→ Work item
Once you find the line with "HDMI-Carbon 48 Version 2.1", transcribe it and all the lines that follow to the end of the data, exactly as written; skip any pictures.

→ Source data
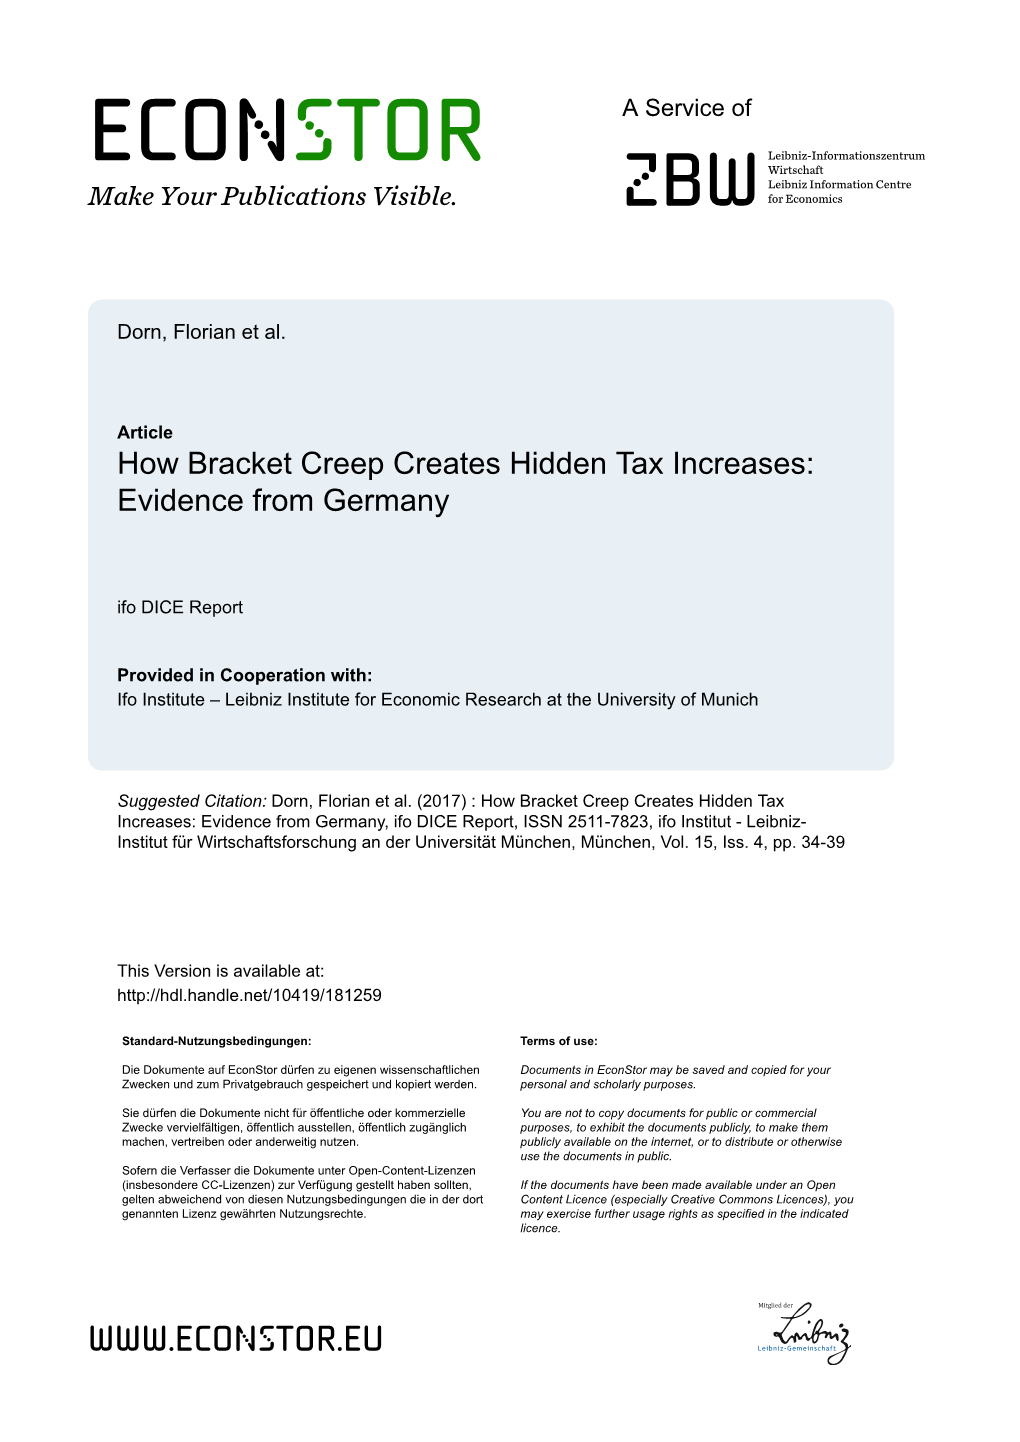 How Bracket Creep Creates Hidden Tax Increases: Evidence from Germany
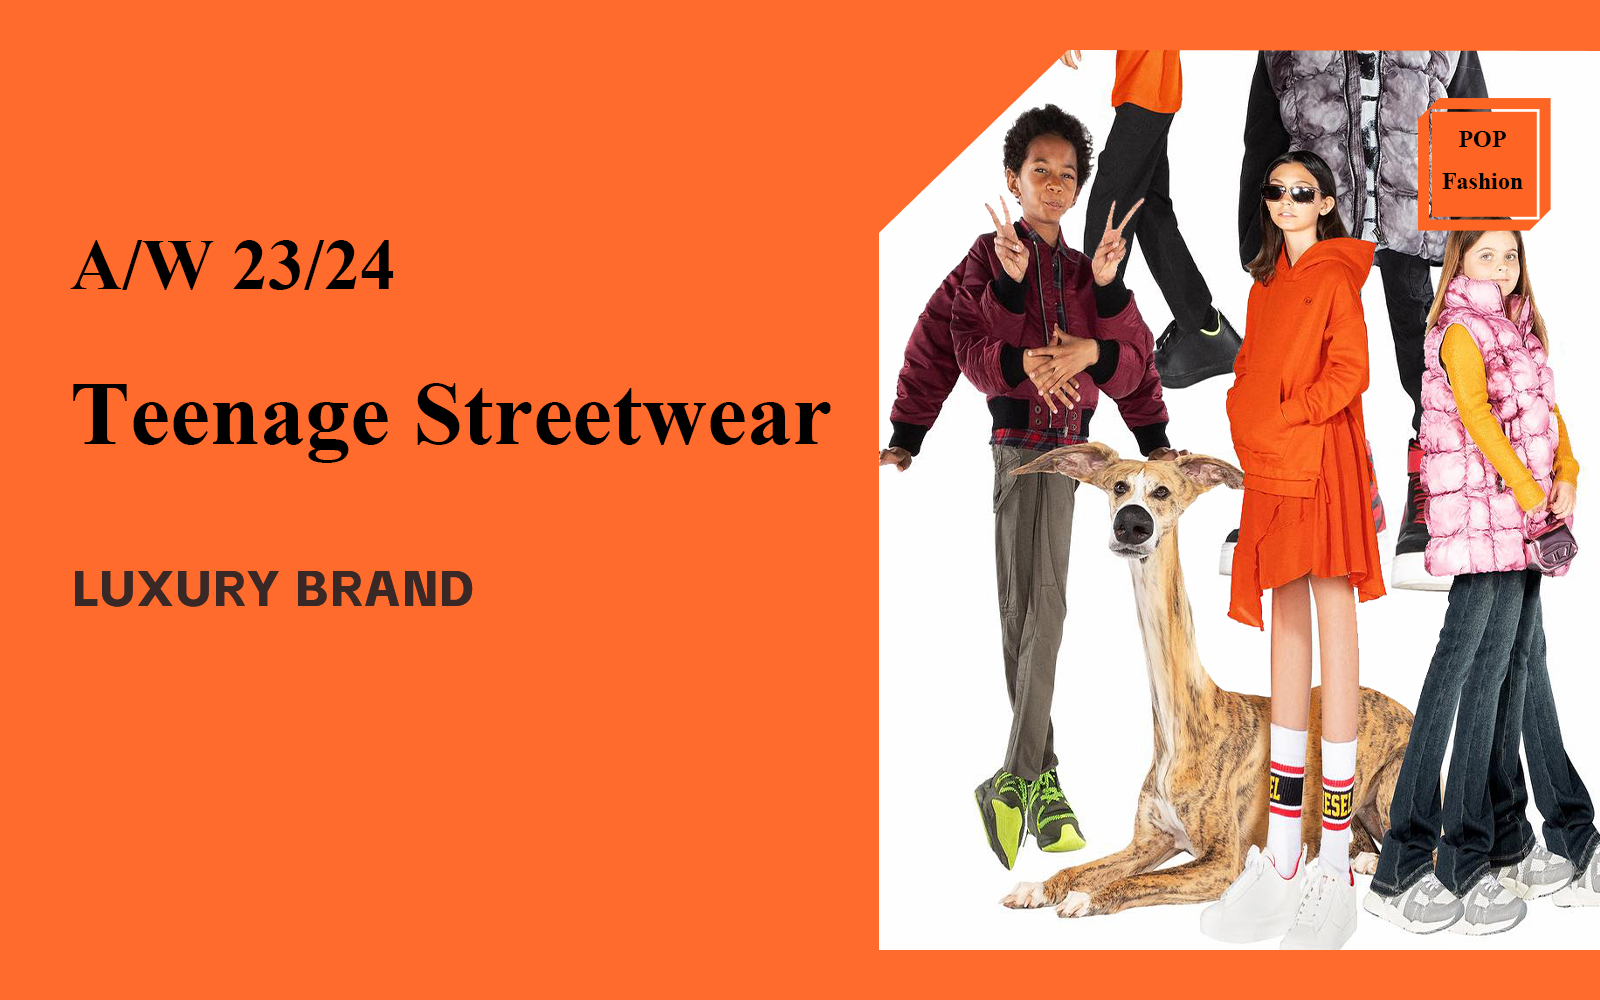 Teenage Streetwear -- The Comprehensive Analysis of Luxury Kidswear Brand
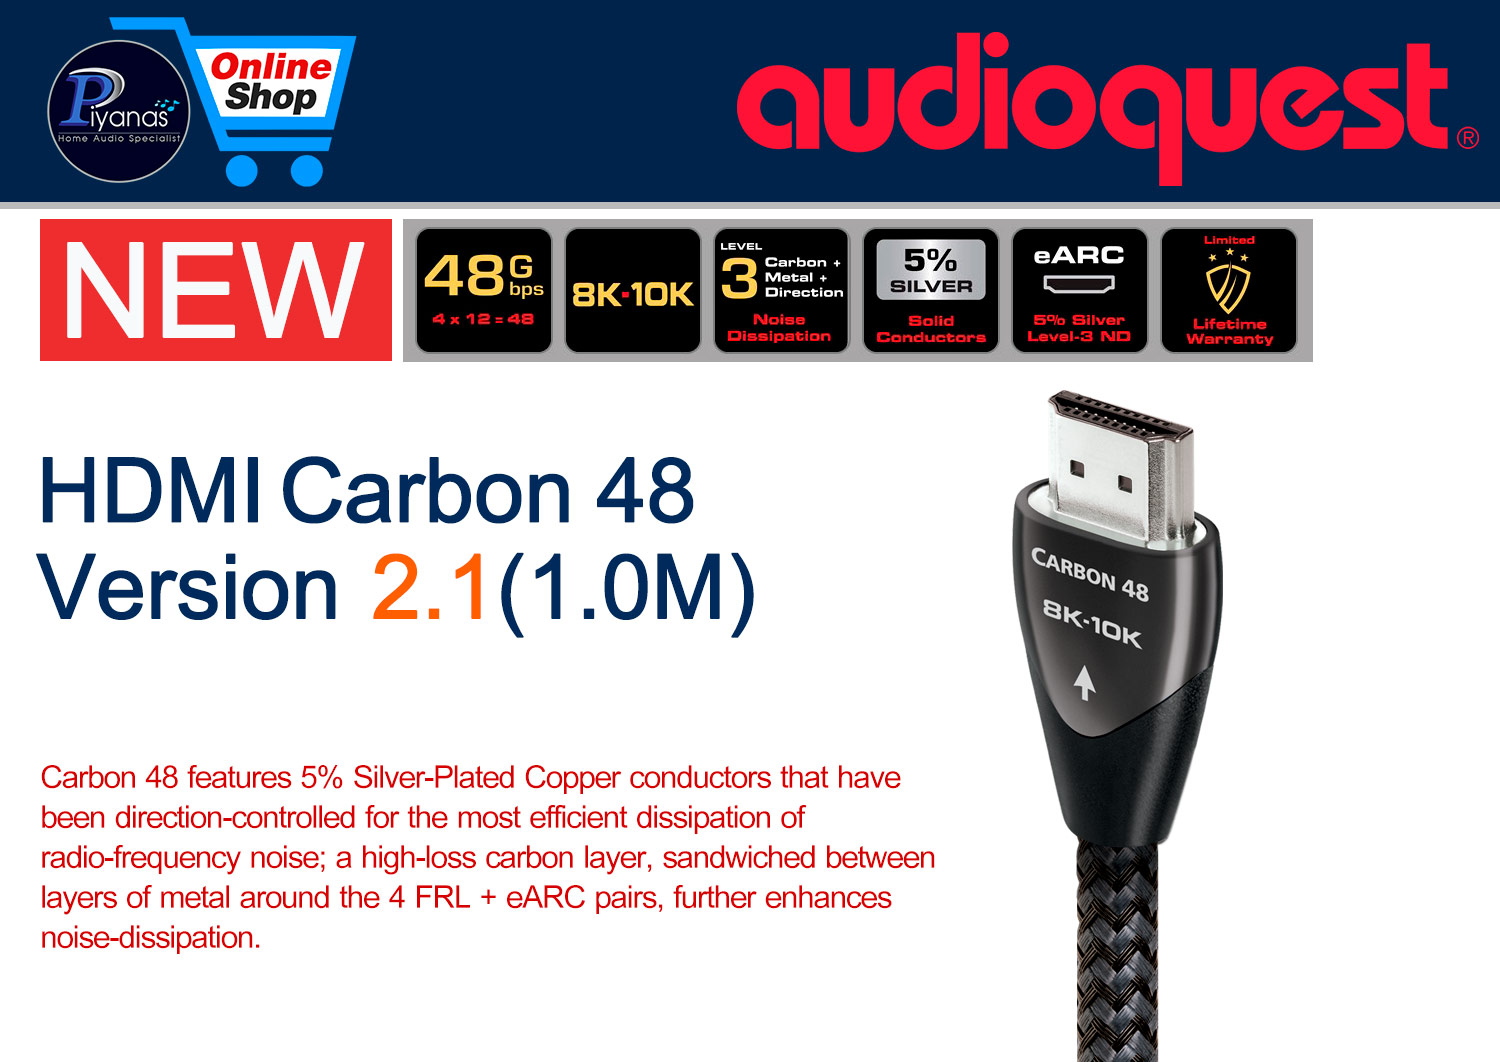 HDMI-Carbon 48 Version 2.1
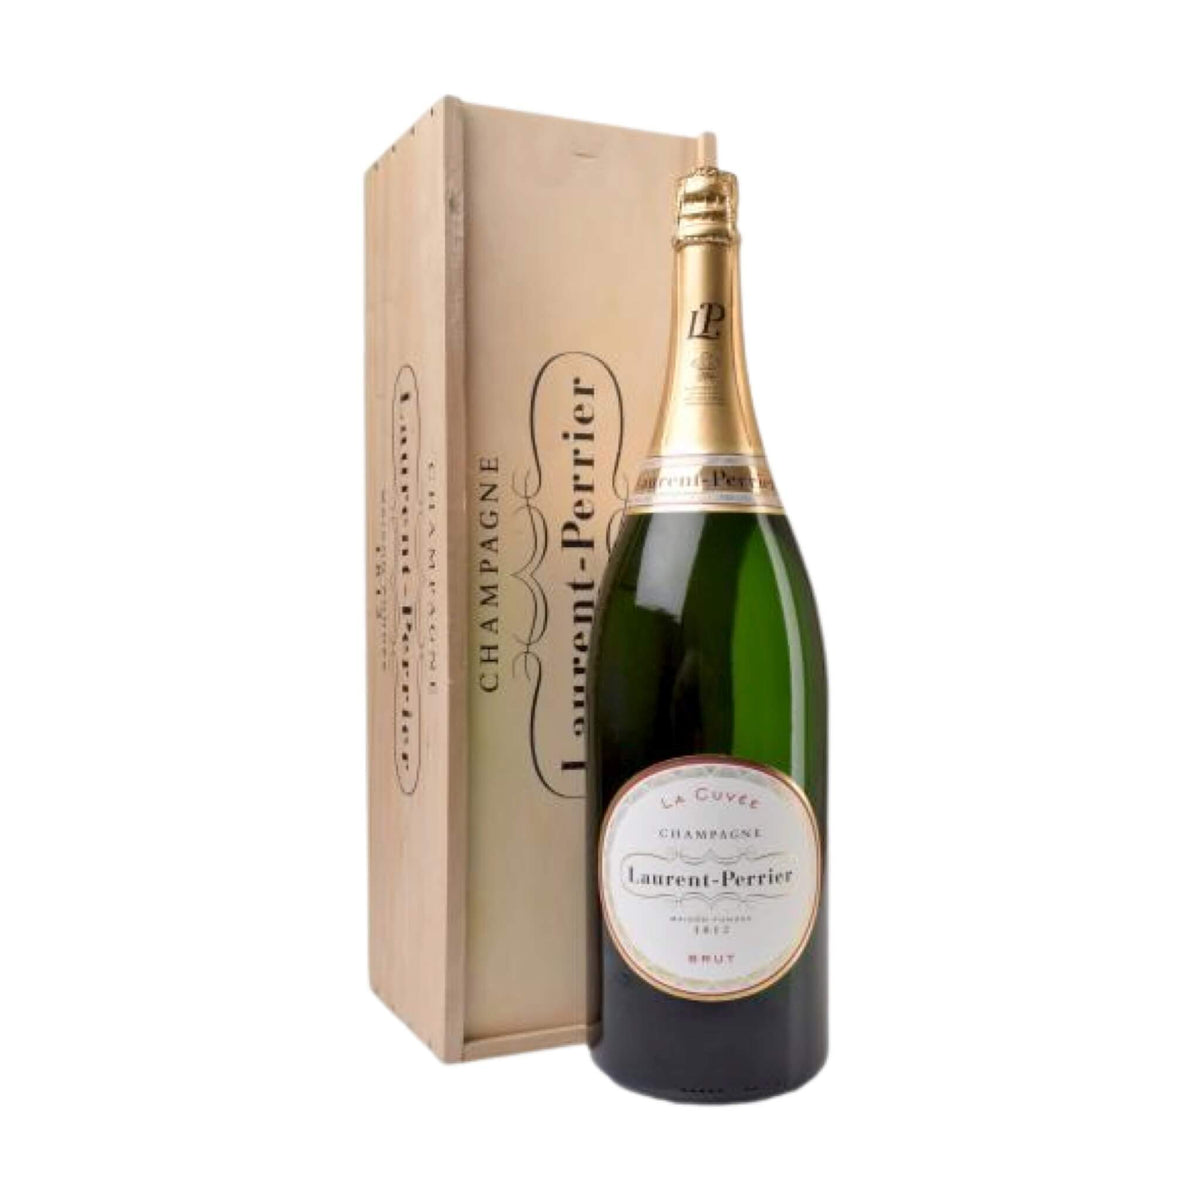 Champagne Laurent-Perrier - Brut Magnum Champagne AOC DMG (3,0l) | WINECOM

→ Result
 HDMI-Carbon 48 Version 2.1
 Champagne Laurent-Perrier - Brut Magnum Champagne AOC DMG (3,0l) | WINECOM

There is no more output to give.